Potential mechanisms for contractile fatigue involves the influence of intramuscular metabolite accumulation such as inorganic phosphate (Pi) and H⁺ , which can provide inhibitory influences on force development and Ca^{2 +} sensitivity 41 . The higher [La] we observed in hypoxia compared to the other conditions (Table 2) may be associated with greater perturbations of muscle homeostasis. Muscle acidosis associated with hypoxia is usually proposed to be a possible mechanism for the reduction in muscle force production during hypoxia 42 . However, recent in vitro studies have questioned the deleterious role of H⁺ in metabolic fatigue 43 , and faster accumulation of Pi in hypoxia may be an alternative mechanisms able to accelerate contractile fatigue 44 45 .

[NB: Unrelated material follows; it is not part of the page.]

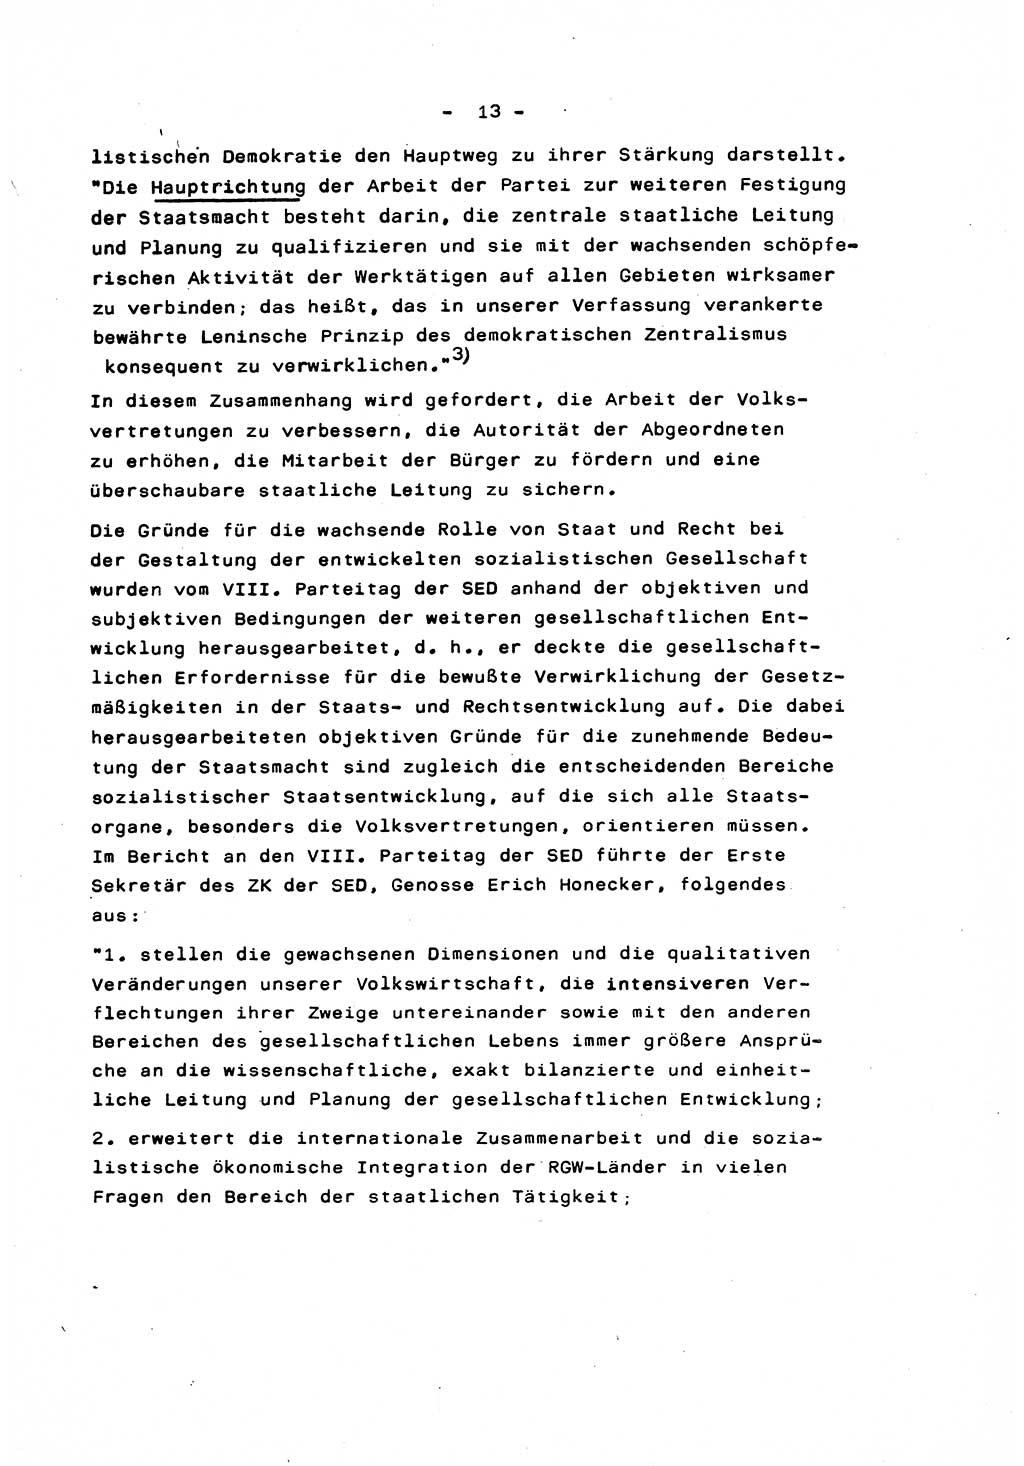 Marxistisch-leninistische Staats- und Rechtstheorie [Deutsche Demokratische Republik (DDR)] 1975, Seite 13 (ML St.-R.-Th. DDR 1975, S. 13)

These present findings are of relevance to better understand performance limitation under hypoxic conditions. Indeed, during whole body exercise in hypoxia, increased fatigability due to reduced O₂ transport in addition to the increased work of breathing make the respiratory muscles particularly exposed to fatigue. Since respiratory muscle fatigue is now recognized as a significant contributor to whole body exercise performance 46 , respiratory muscle fatigue may be therefore a major contributor to performance limitations in hypoxia. The potential systemic impact of increased respiratory muscle fatigue is illustrated in the present study by the higher HR response in hypoxia compared to normoxic and hyperoxic conditions (Table 2). Such a result may be the consequence of a greater cardiovascular response associated with a sympathetically mediated metaboreflex originating from the fatigued respiratory muscles 14 . A greater accumulation of lactic acid (as suggested by greater [La] in hypoxic condition) and other metabolic by-products within the respiratory muscles working in hypoxia may indeed stimulate type IV phrenic afferents 47 , enhance sympathetic activity and eventually increase the cardiovascular response 48 . These results as well as there potential deleterious effects on exercise performance may apply to exercise at high altitude but also to exercise in hypoxemic patients, frequently combining reduced arterial O₂ content and increased work of breathing due to elevated ventilatory demand and increased airway resistance as patients with chronic obstructive pulmonary disease.

In conclusion, the present study provides evidences for hypoxia-induced exacerbation of diaphragm and abdominal muscle contractile fatigue by using cervical and thoracic magnetic stimulation before and after a standardized bout of isolated voluntary hyperpnoea. Hyperoxia on the other hand did not reduce respiratory muscle fatigue following hyperpnoea. These results emphasize the potential role of respiratory muscle fatigue in exercise performance limitation under conditions coupling increased work of breathing and reduced O₂ transport as during exercise in altitude or in hypoxemic patients.